■ **Recorded data**

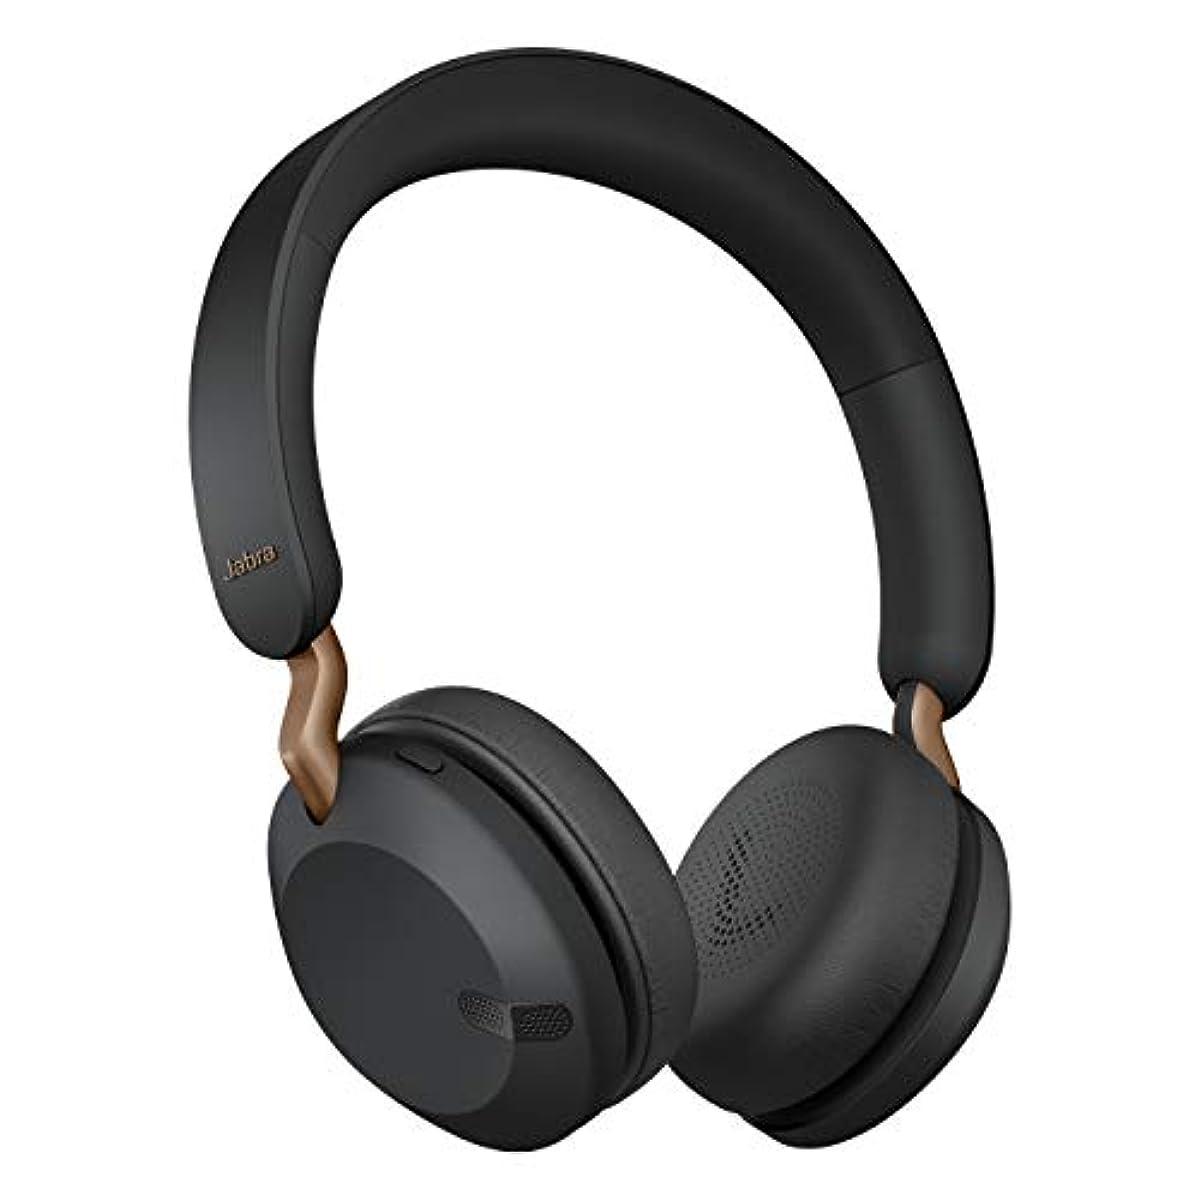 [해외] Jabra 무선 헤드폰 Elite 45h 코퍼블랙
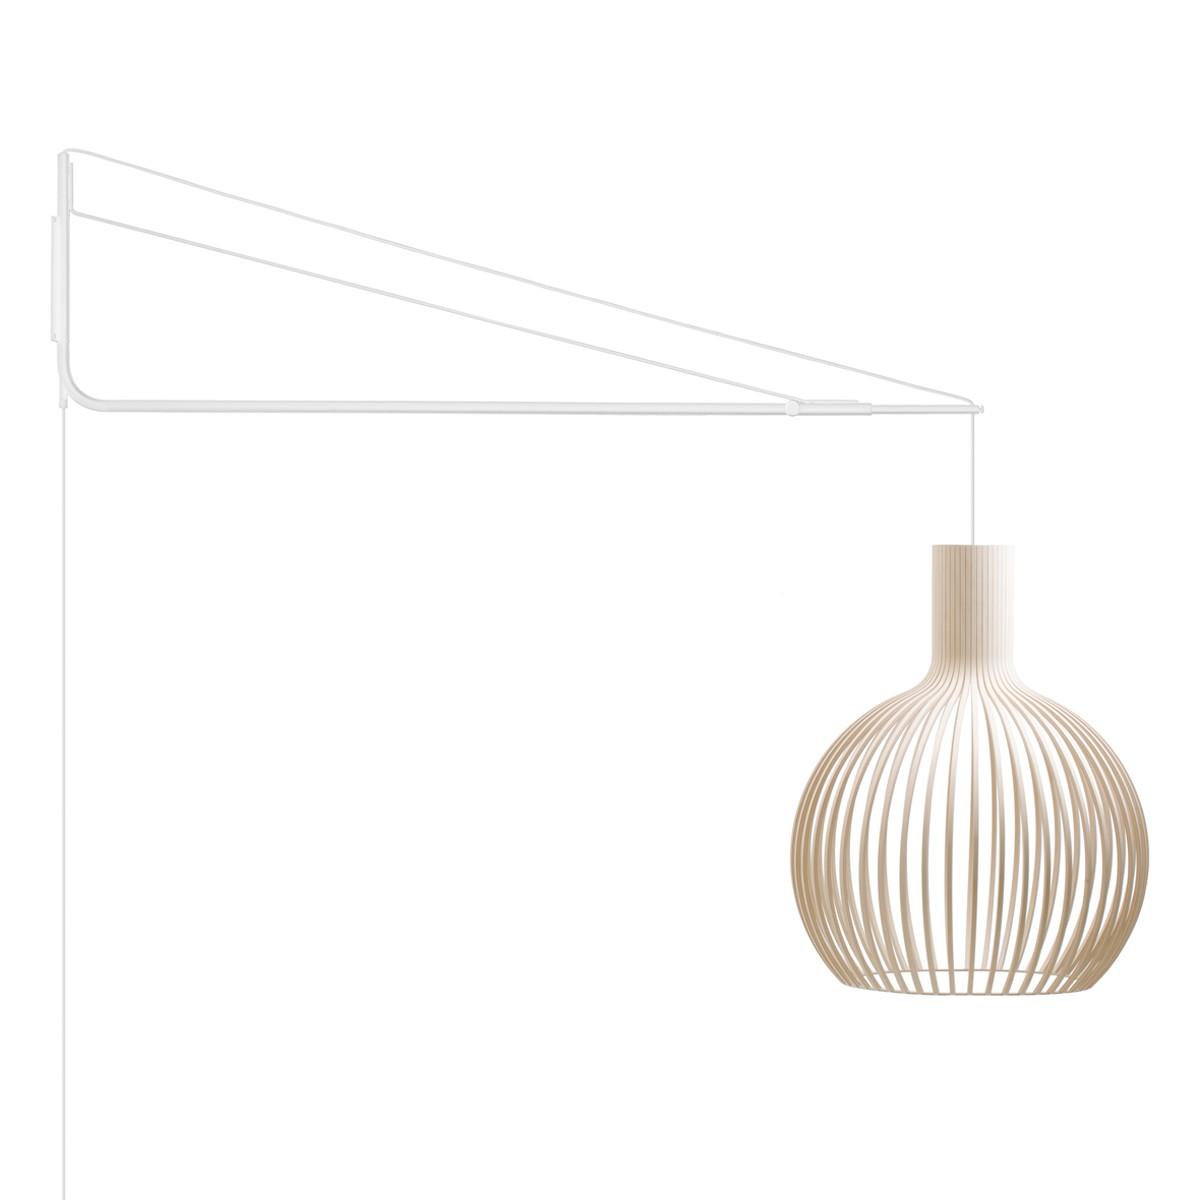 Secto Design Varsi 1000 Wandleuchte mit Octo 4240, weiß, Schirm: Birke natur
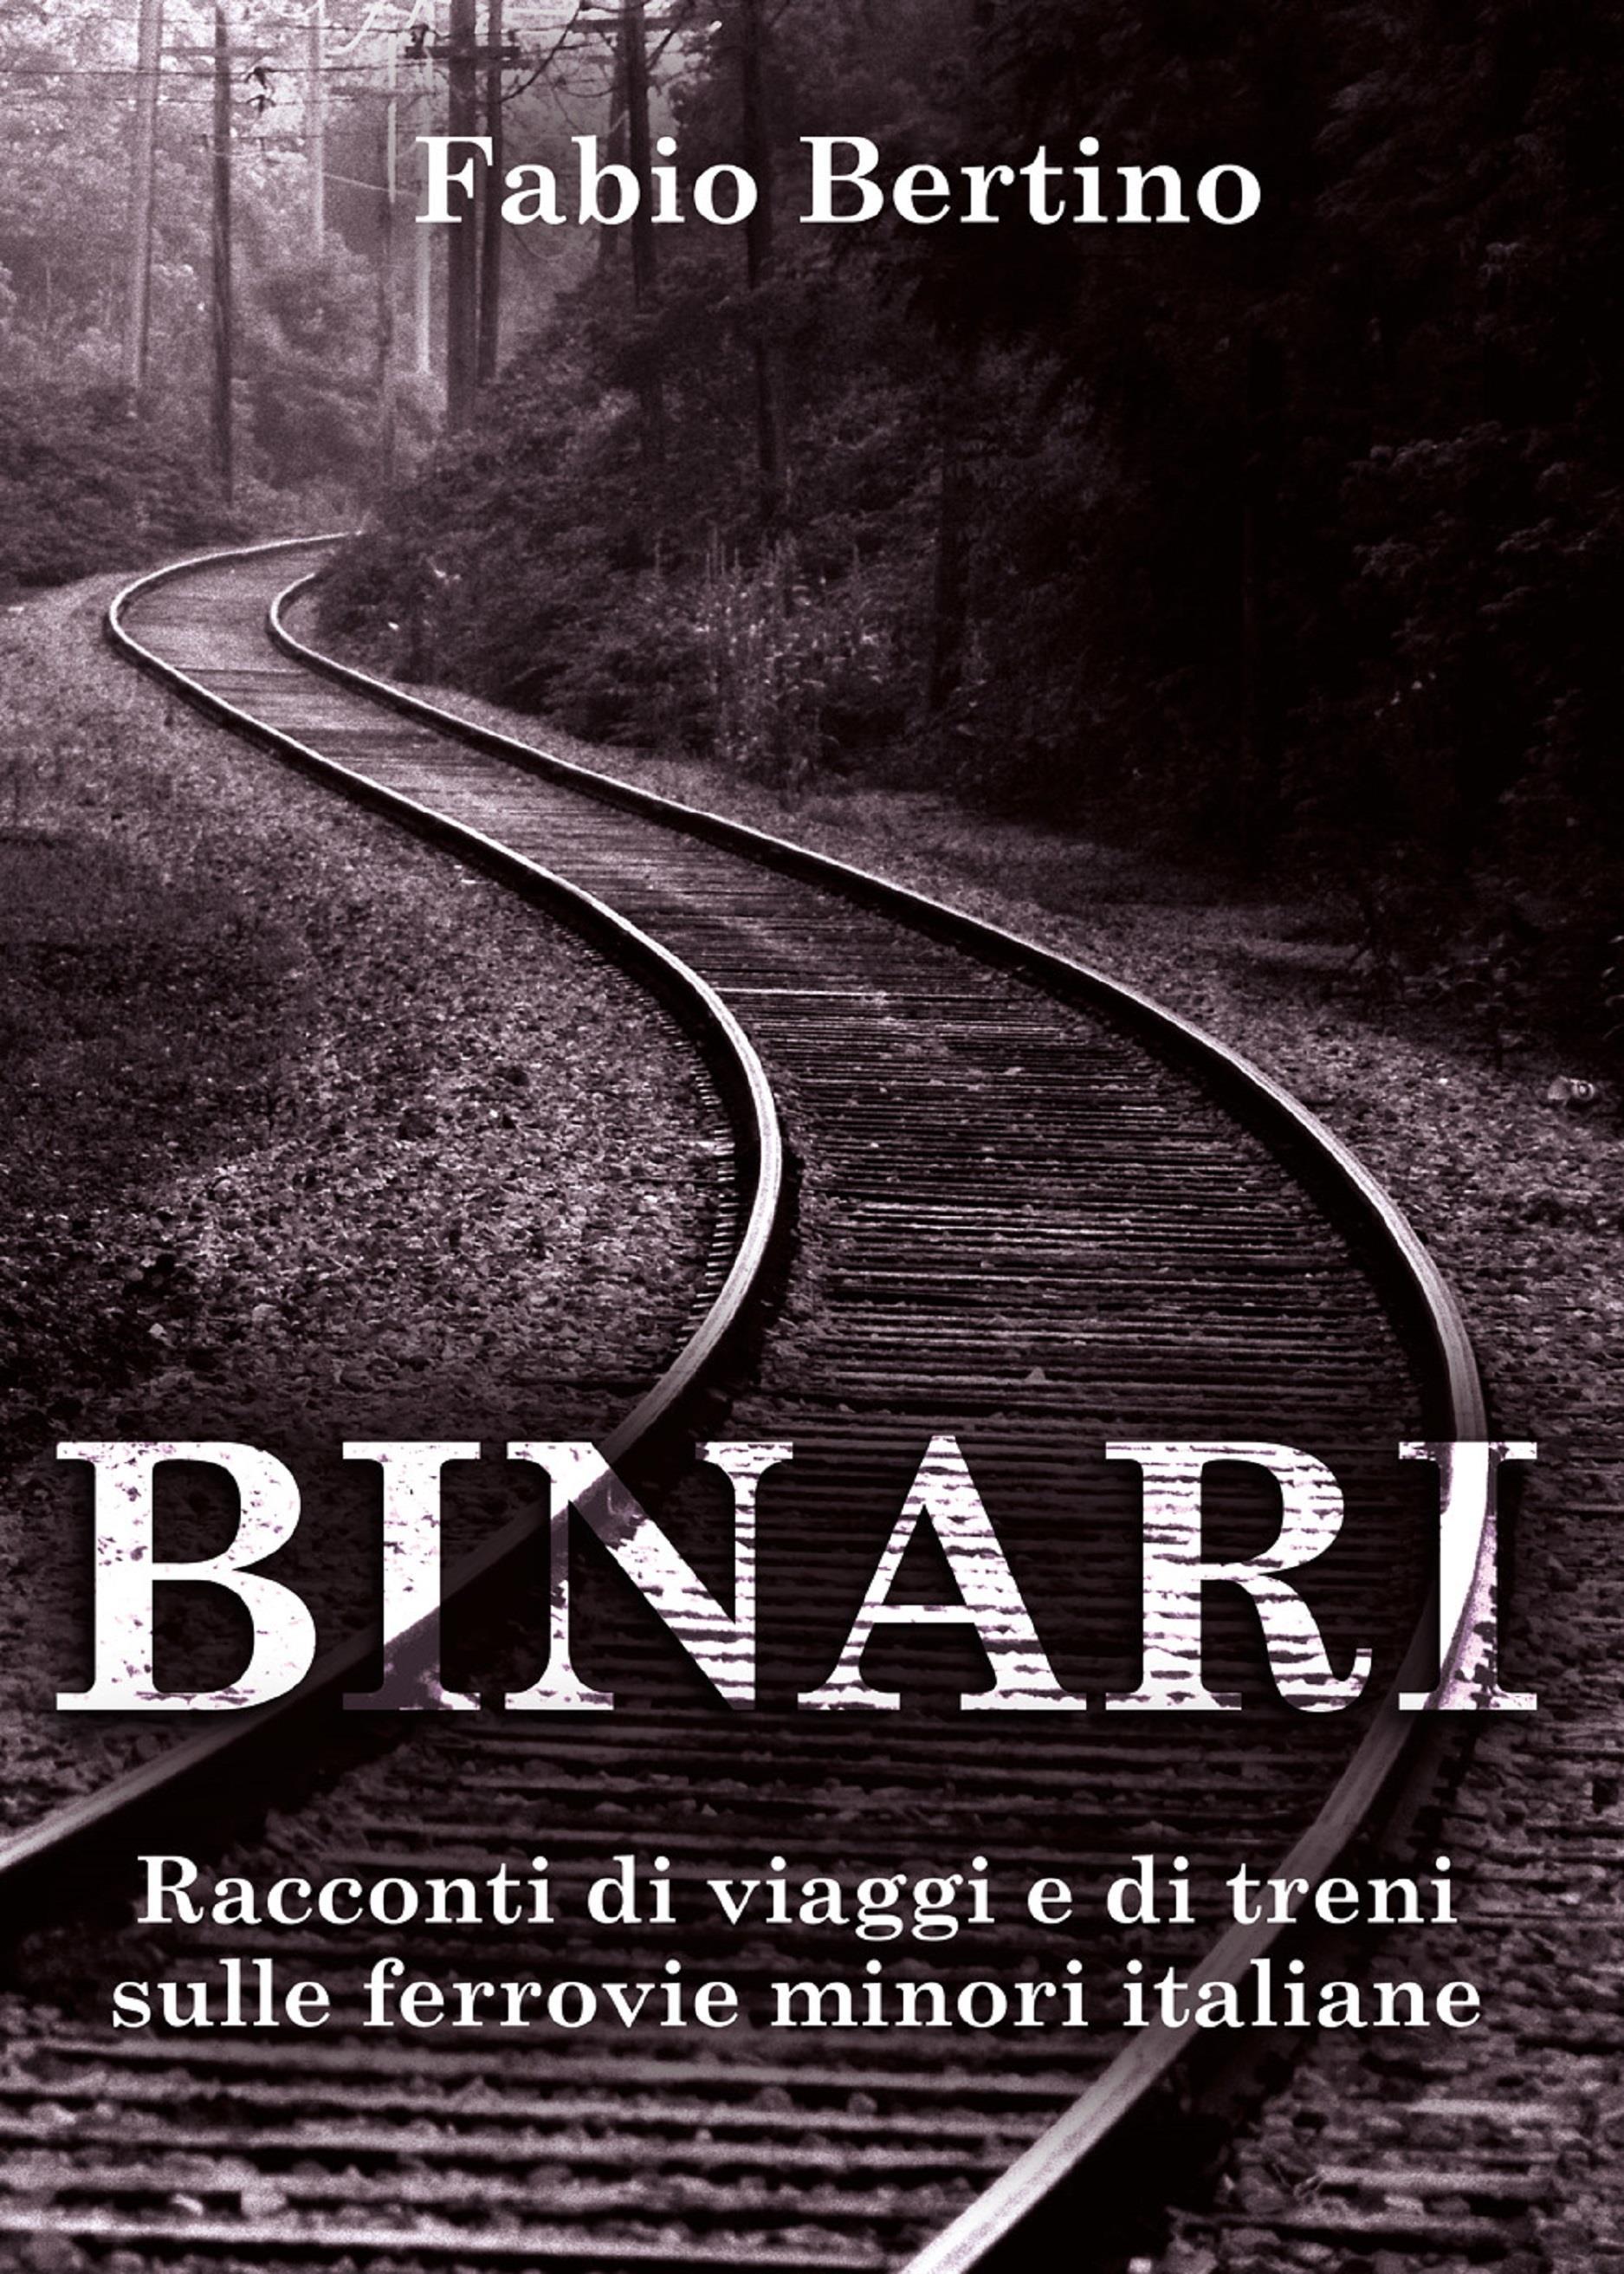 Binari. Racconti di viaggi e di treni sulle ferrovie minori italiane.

■ **Task item**
Would it be possible to give the material above again exactly, with the pictures left out?

■ **Your response**
 [해외] Jabra 무선 헤드폰 Elite 45h 코퍼블랙
 Secto Design Varsi 1000 Wandleuchte mit Octo 4240, weiß, Schirm: Birke natur
 Binari. Racconti di viaggi e di treni sulle ferrovie minori italiane.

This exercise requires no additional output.